- [WORK ORDER]:
It would help if you retyped the data exactly, leaving out the pictures.

───── DATASET CONTENT

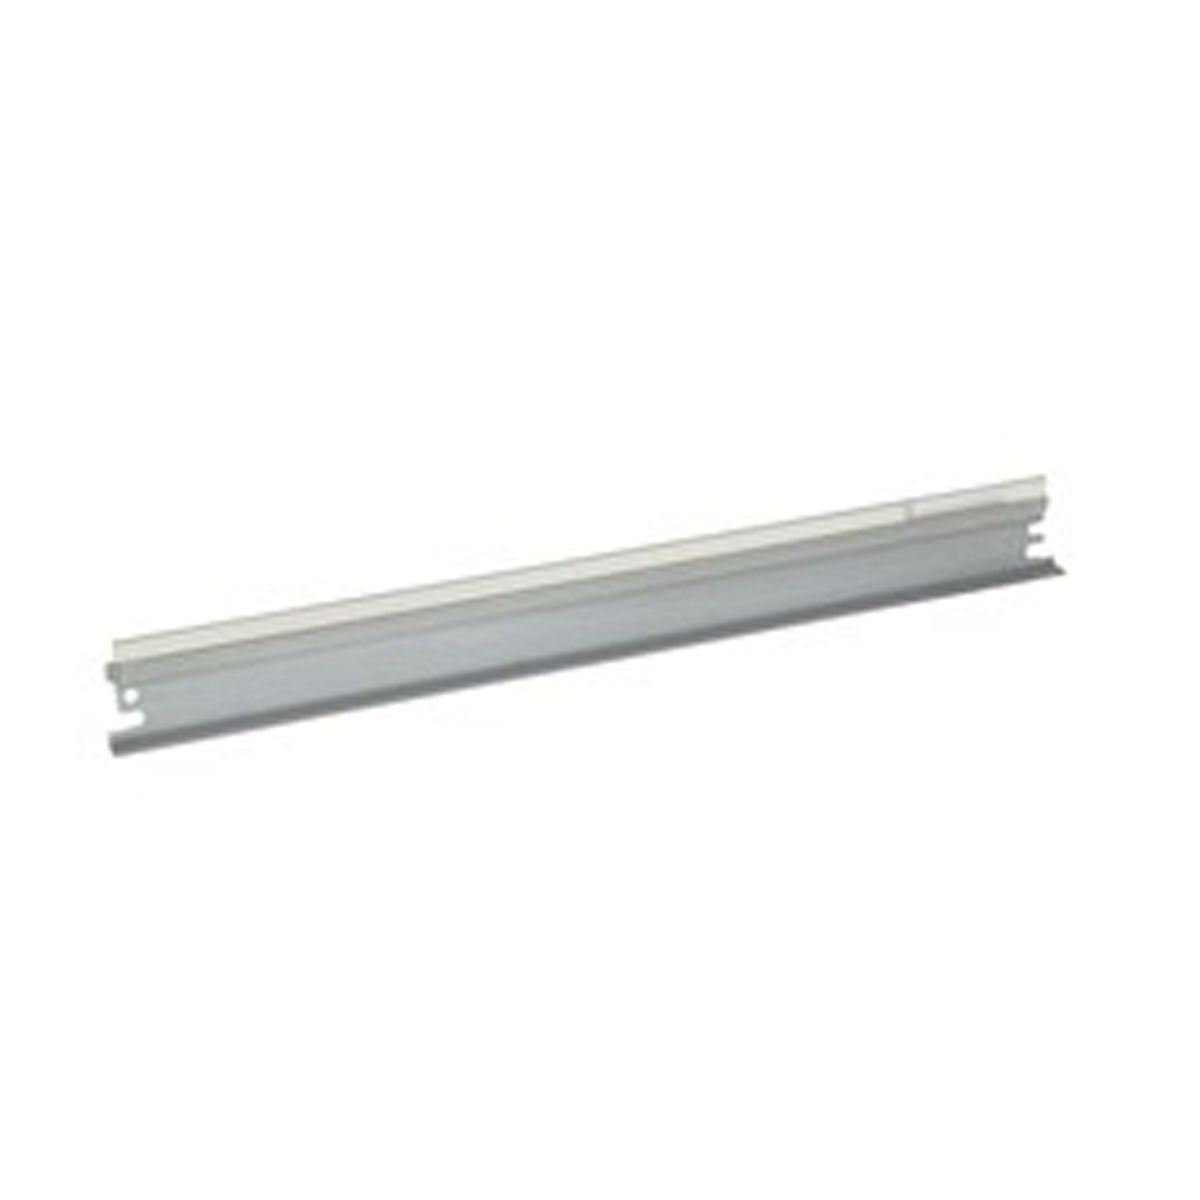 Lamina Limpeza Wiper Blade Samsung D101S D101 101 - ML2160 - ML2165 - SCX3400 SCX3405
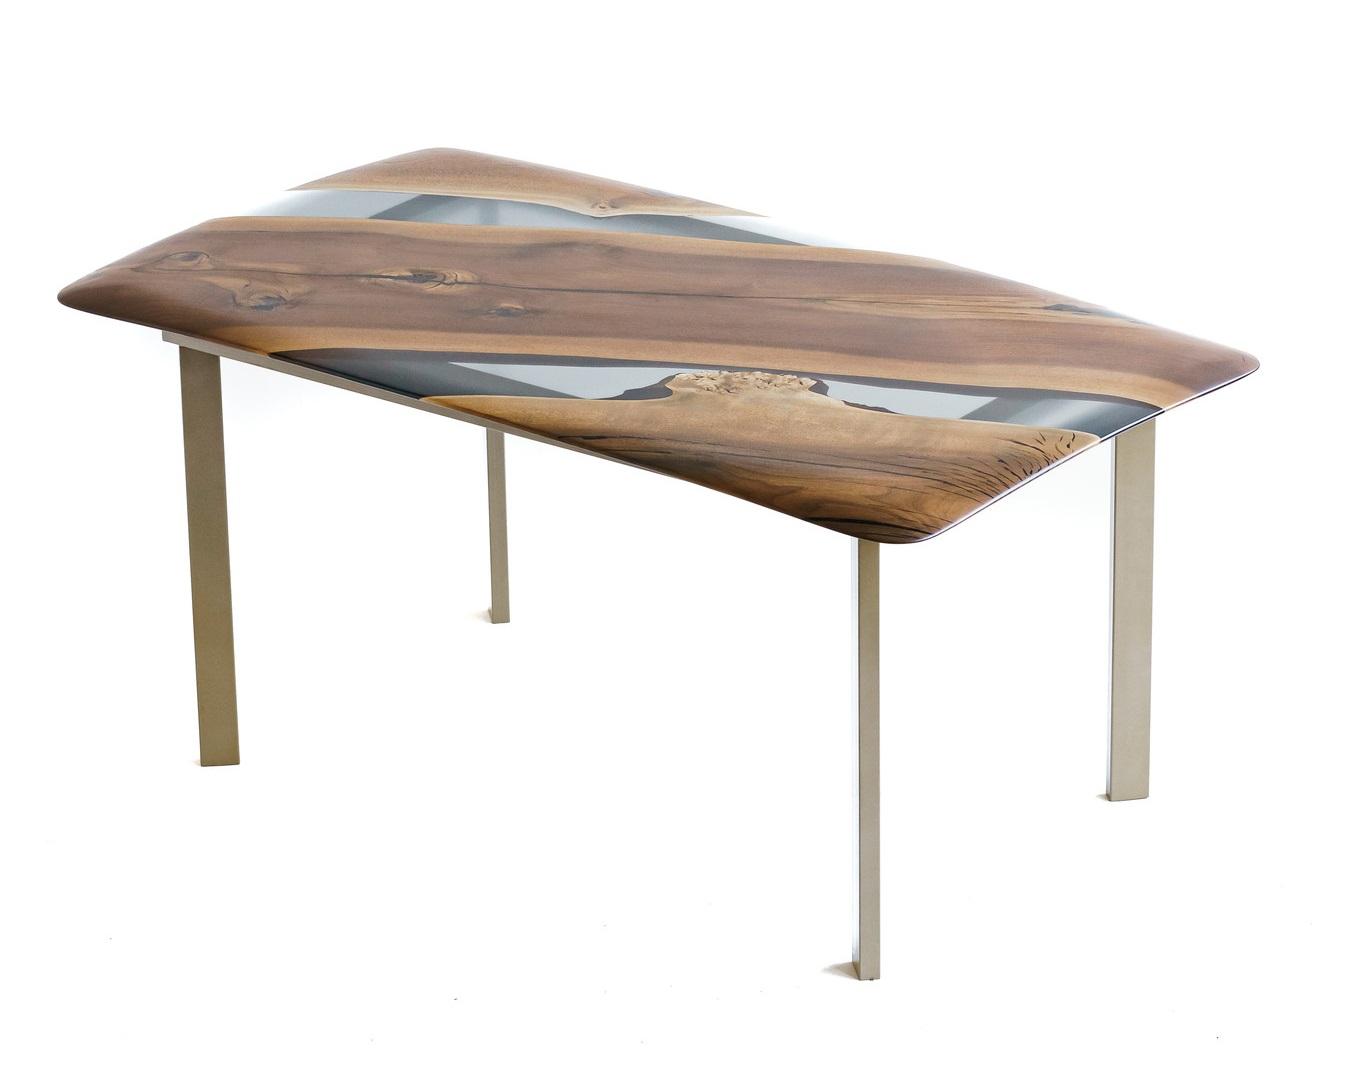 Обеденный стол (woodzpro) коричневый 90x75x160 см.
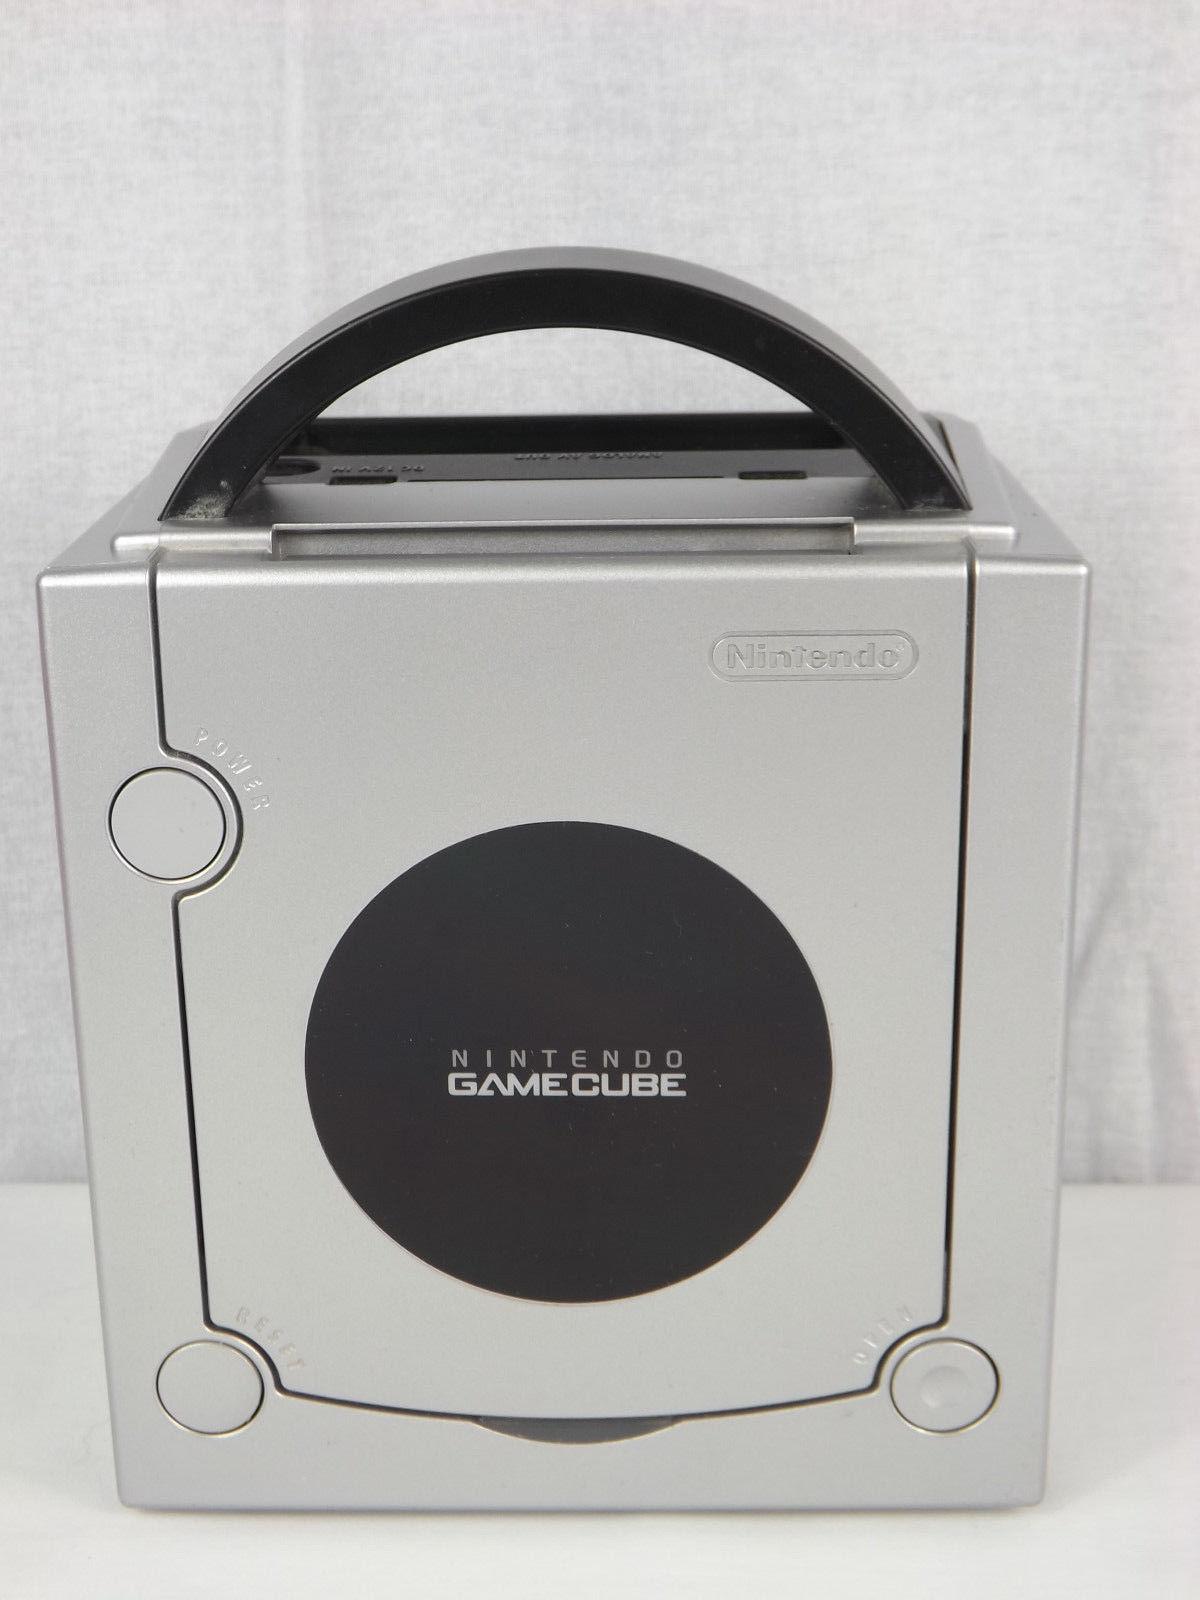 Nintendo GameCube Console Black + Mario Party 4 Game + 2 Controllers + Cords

──────────

- [YOUR SOLUTION]:
 Lamina Limpeza Wiper Blade Samsung D101S D101 101 - ML2160 - ML2165 - SCX3400 SCX3405
 Обеденный стол (woodzpro) коричневый 90x75x160 см.
 Nintendo GameCube Console Black + Mario Party 4 Game + 2 Controllers + Cords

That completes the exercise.